Richard Pierce – author, poet, painter

Life, Writing

Day 153

Yesterday had been a good day, a day on which I got so much done that I’d wanted to do. I went off on my walk in good spirits, a mask and debit card in my pocket, the plan being to go to a DIY shop and pick up a night latch for an outward-opening door, and to see if I could give myself any ideas about how to put down slabs outside the new extension when it’s done (or even before). I spent an age in the shop, after having walked in the sun and under the canopy of the trees on the Heath, but didn’t find a suitable night latch, nor any particularly innovative or easy ideas for the slabbing. My impracticality is something which gnaws at me more than most other things, I must admit. I got home, did my stretches, devised an additional stretch set to work on my core (one which has, no doubt, been devised a million times before). At. Sat in here for 90 minutes listening to lots of new music, only a fraction of which I liked enough to include in my radio show I’m presenting tomorrow. And then I sat through the last half of The Repair Shop which had unfortunately gone down the route of repairing only things associated with the damn Jubilee. And then a sense of total and abject failure overtook me, and I haven’t been able to shake it. Part of it comes from reading articles yesterday about the inevitable and irreversible aging process, and how the composition of many people’s blood abruptly changes when they reach 70, almost overnight, after which they become ill and fragile and geriatric. It scares me, paralyses me, makes me even more aware that time is finite and running out, that I need to do more than what I’m doing to have any impact.

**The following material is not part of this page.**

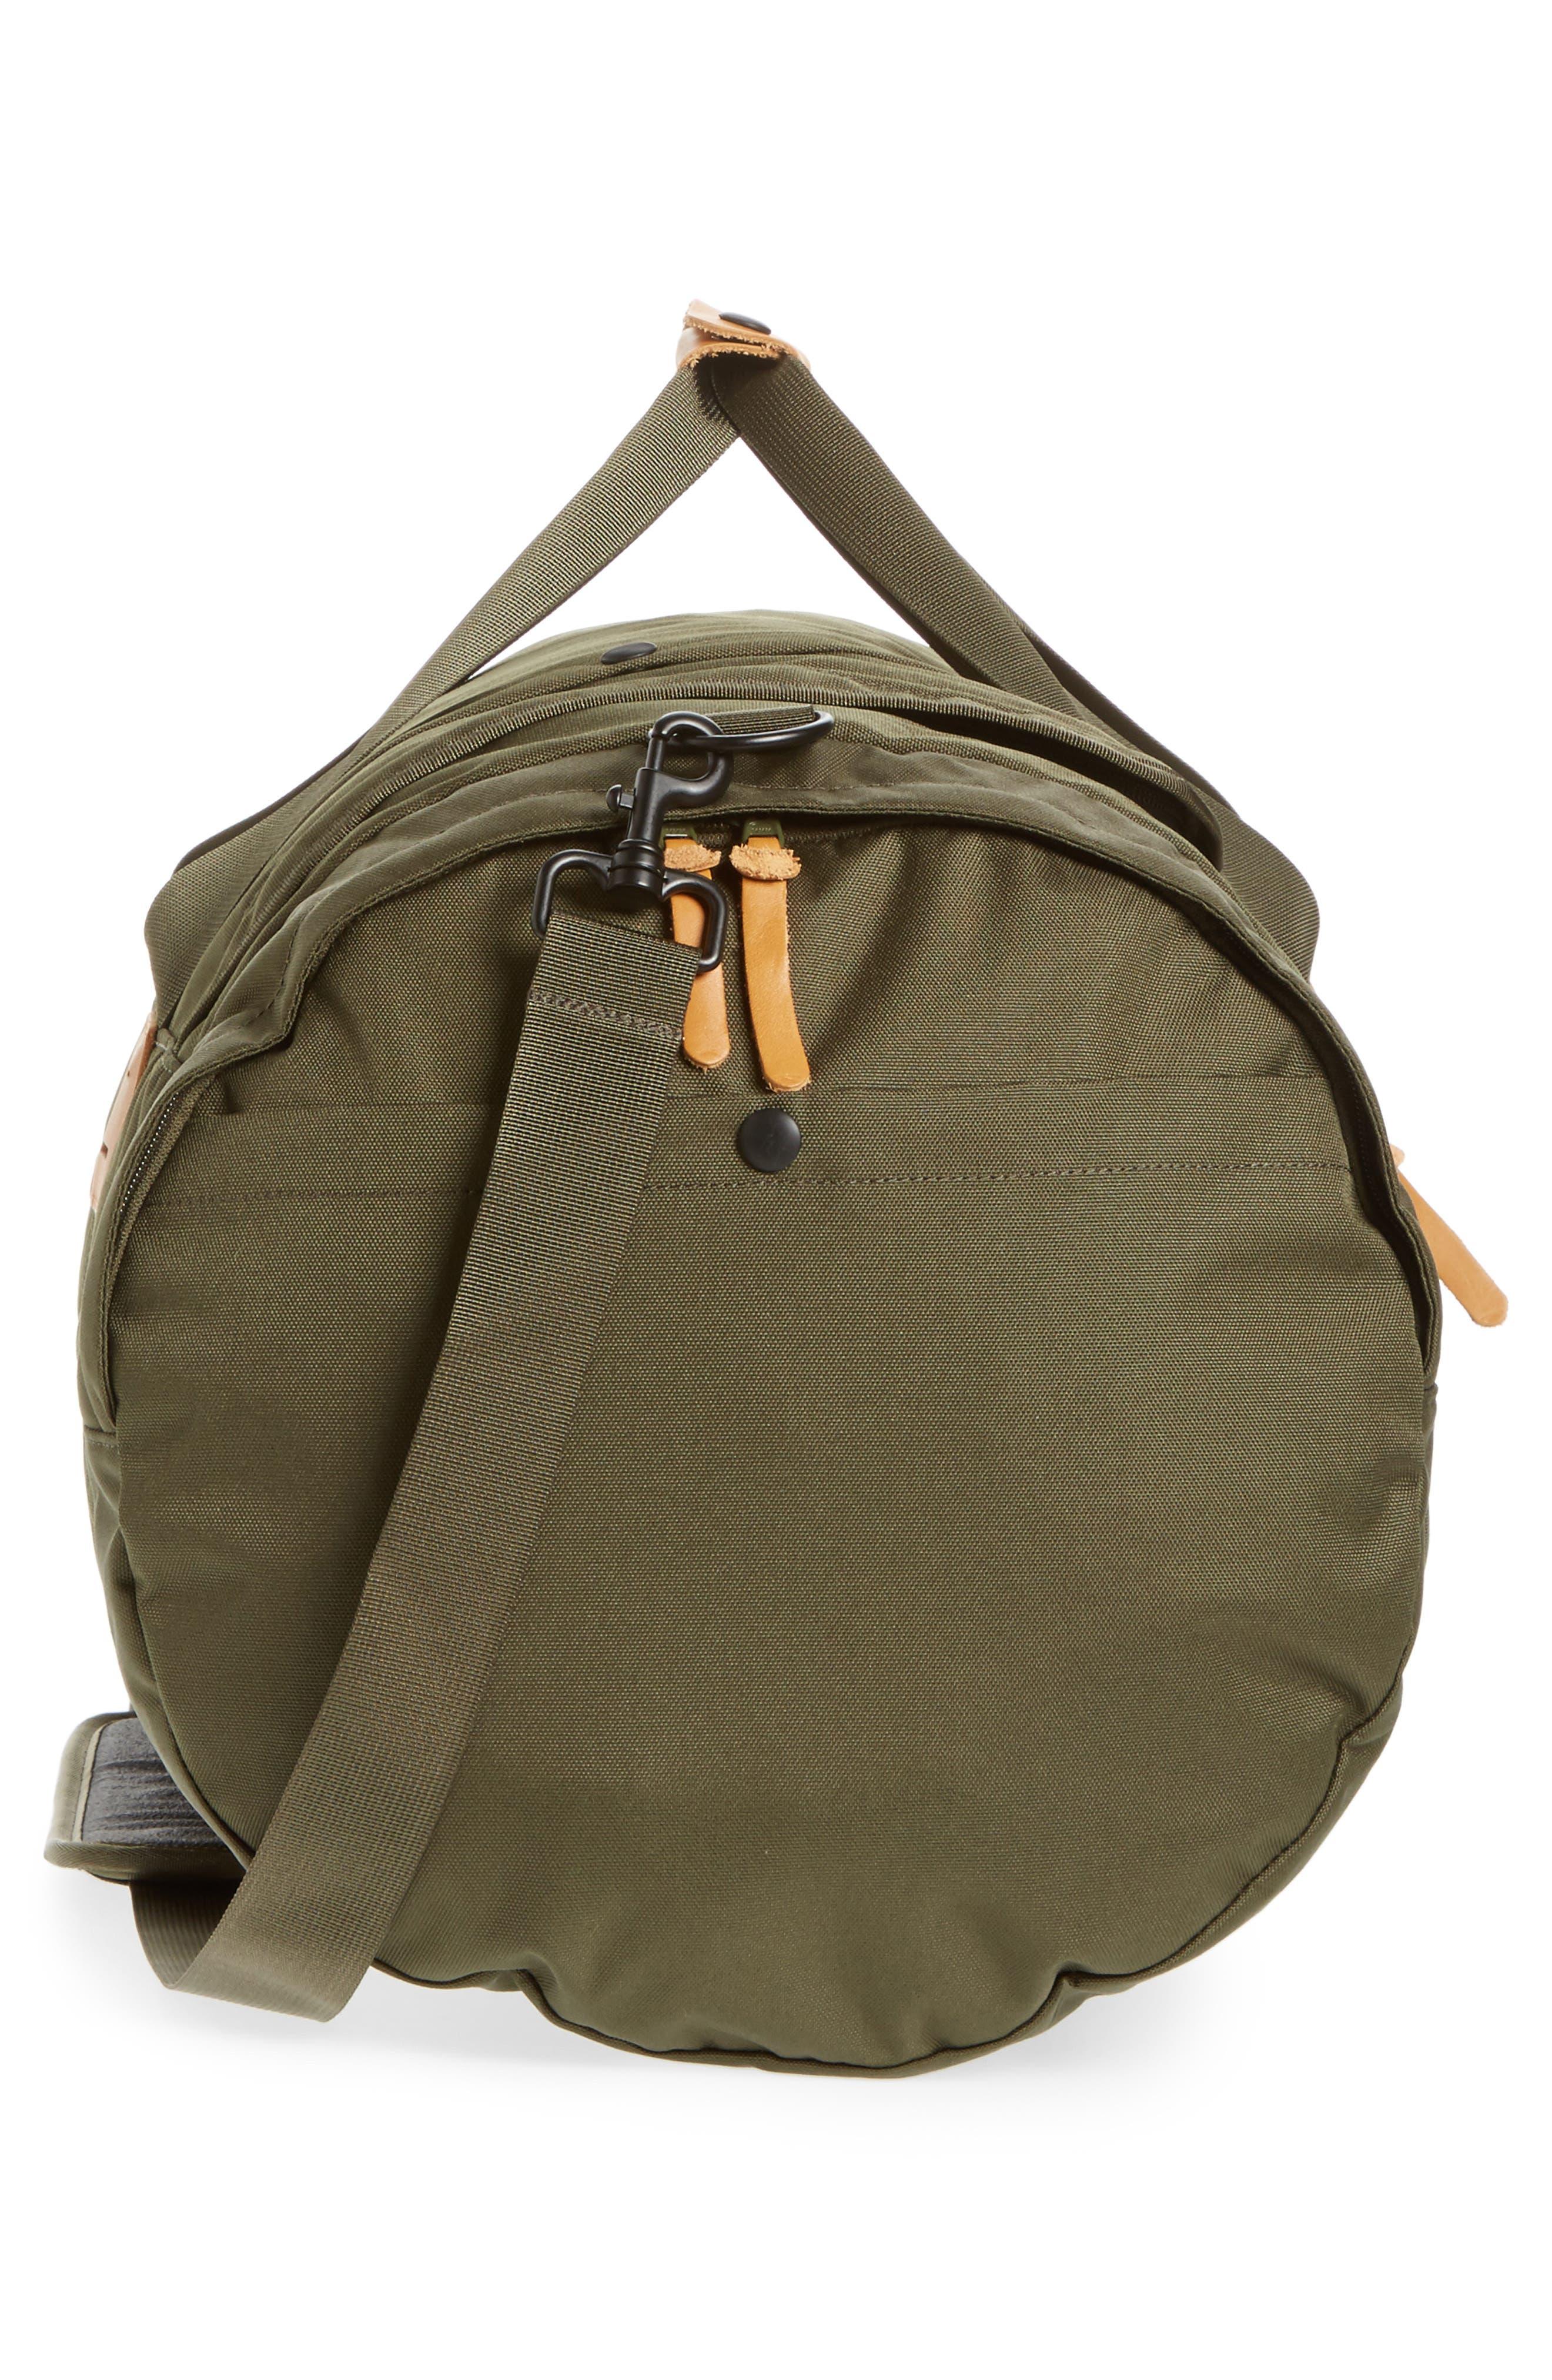 Arc Duffel Bag,                             Alternate thumbnail 5, color,                             Olive

And so I lay awake for almost an hour, unable to get to sleep, disturbed by all the noises to which I seem to have become hypersensitive lately, and the colours they make explode in my head, and the racing thoughts they light the fuse of, and the restless mind they encourage to be even more restless. So I got up, stumbled through the dark house, blinked into the light I turned on, fetched wine and cashew nuts, and sat and read more of The Priory Of The Orange Tree, which A recommended to M and me, and which I am enjoying immensely (if with a sense of envy that I can’t just sit and write all day every day, that I have yet to see someone in a train, or on the Tube, or on a bench in a park somewhere, anywhere reading a book of mine). I guess that’s another thing that gnaws at me. That’s where the sense of all-encompassing failure comes from. I went to bed after 1am after scribbling a last-minute thought of a poem into my small notebook, and woke up at 7 feeling dreadful and staying in bed till almost 8.

And yet it shouldn’t be like that. B, one of my most steadfast and kind listeners and readers, had sent a DVD of Cyrano because none of the three of us managed to catch a viewing in the cinema, a gift which touched me immensely with its thoughtfulness and care. Enough to make a grown man cry, and to get the validation he has given up seeking.

But it’s this black dog of the sense of failure that forever wraps itself around my legs, falls asleep on them, and stays there. Perhaps that’s why I don’t actually like dogs that much. And what targets I am failing against is a question I do know the answer to – it’s something that was just about beaten into me when I was a child. Compounded by the perpetual state of worry about all and sundry – and that can trace its root back to my youth, too, when I was having to constantly worry about being in the good books of the head of the household, who had the power, and exercise it, of excising those who failed from the family circle.

That’s where I come from, and that’s what I’ve always tried to escape from. And writing, when I can, is a blessed escape.